Basically, ARPANET DDoS'd itself as more and more messages accumulated in a sort of feedback cycle.

The result was "a naturally propagating, globally contaminating effect," in the words of Peter Neumann, chief scientist at the SRI International Computer Science Laboratory.

In a sense, the effect was similar to a distributed denial of service attack, or DDoS, which occurs when a network is flooded with traffic from various sources to the point that it's unable to function normally. To be clear, the crash wasn't due to an actual attack, but a cascading series of technical failures. Still, it's an illustrative comparison.

ARPANET as of 1977. Image: Wikipedia

Basically, ARPANET DDoS'd itself as more and more messages accumulated in a sort of feedback cycle. Every status message was stamped with the highest priority code, so any other sort of message sent between nodes was ignored in favor of the junk status updates.

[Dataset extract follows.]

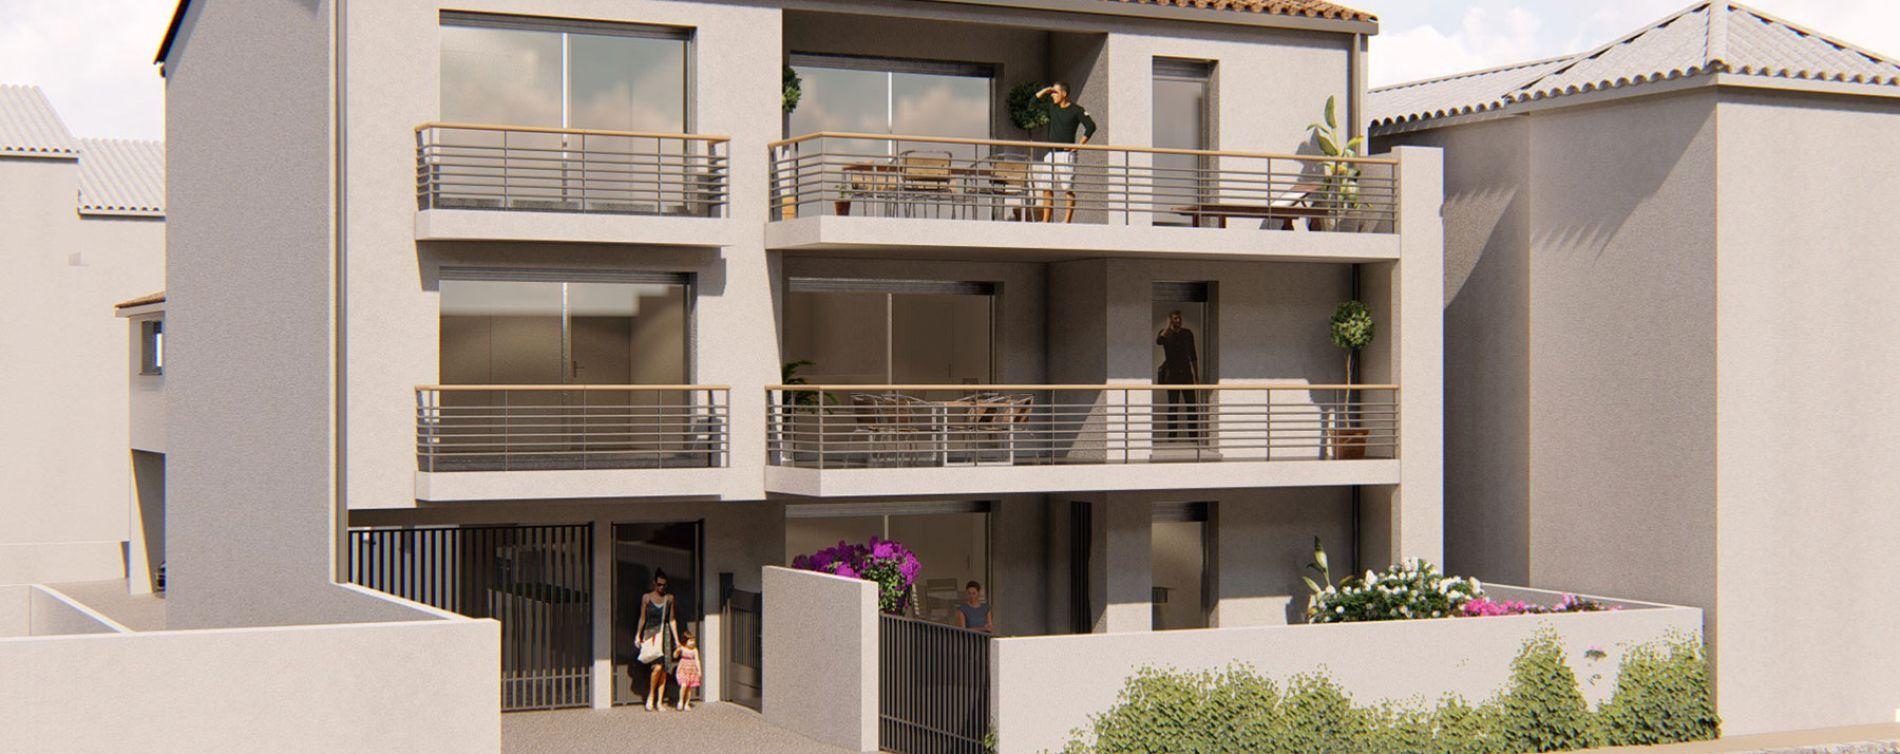 Résidence Le Grau d'Agde à Agde
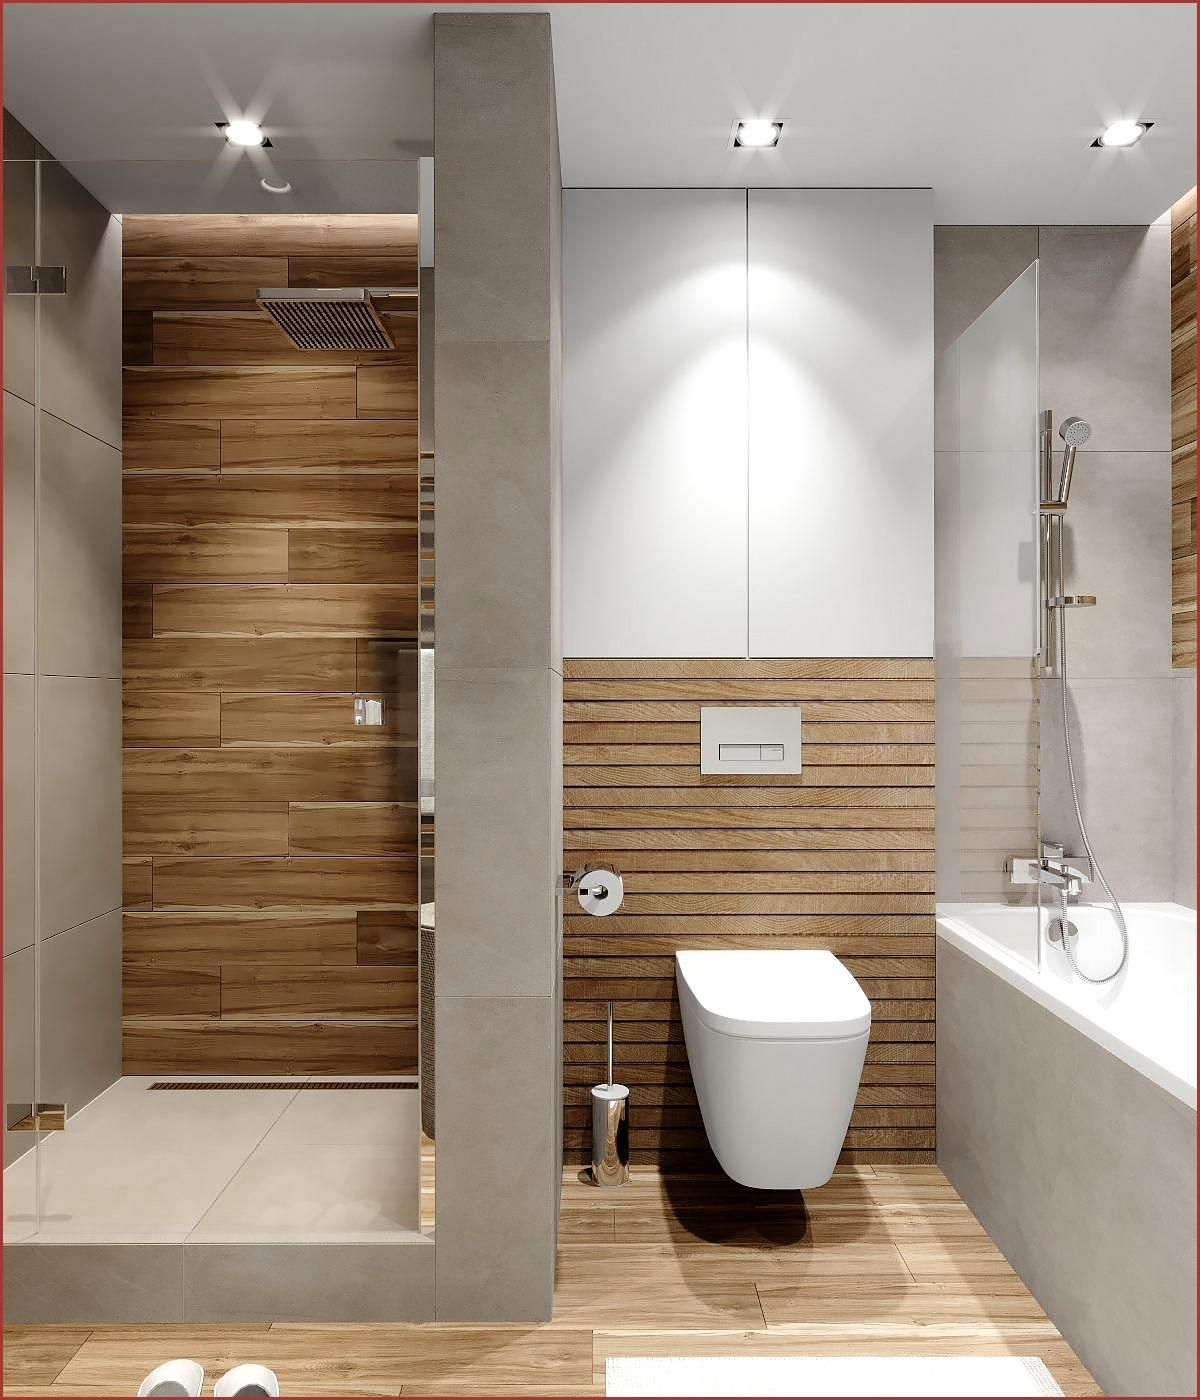 Photo of A + B STUDIO DESIGN moderneBadezimmer #kleineBadezimmer #Badezimmer #Badezimmer …

This also meant that any message sent to the nodes was ignored as well and thus it was impossible to deal with the problem remotely. Every single node had to be shut down and restarted manually, and only then could the full network go back online.

If just a few IMPs were restarted, rather than every single one, the result was that the restarted IMP would receive a copy of the corrupted message from one of the nodes that wasn't restarted, and it would once again go down. There was some trial and error in fixing the problem.

The IMPs supporting the 1980 ARPANET actually had an onboard system for finding bit-dropping errors, but they'd all been deactivated, according to a subsequent report published in SIGSOFT Software Engineering Notes.

Bit dropping was usually a "spurious" occurrence and a detection meant having to restart individual IMPs manually, so it didn't seem worth the trouble, at least until that bit dropping fouled a timestamp such that the entire network collapsed. The next generation of IMP took care of the problem by including a new "loader/dumper" fault state that could be controlled off-site.

The easiest fix suggested in the SIGSOFT report is almost comically simple. When the faulty garbage collection utility checked message timestamps, it calculated "later" using a greater-than-or-equals sign, rather than a plain greater-than sign, thus allowing a whole bunch of messages to effectively share a timestamp and flood the network. Hindsight, eh?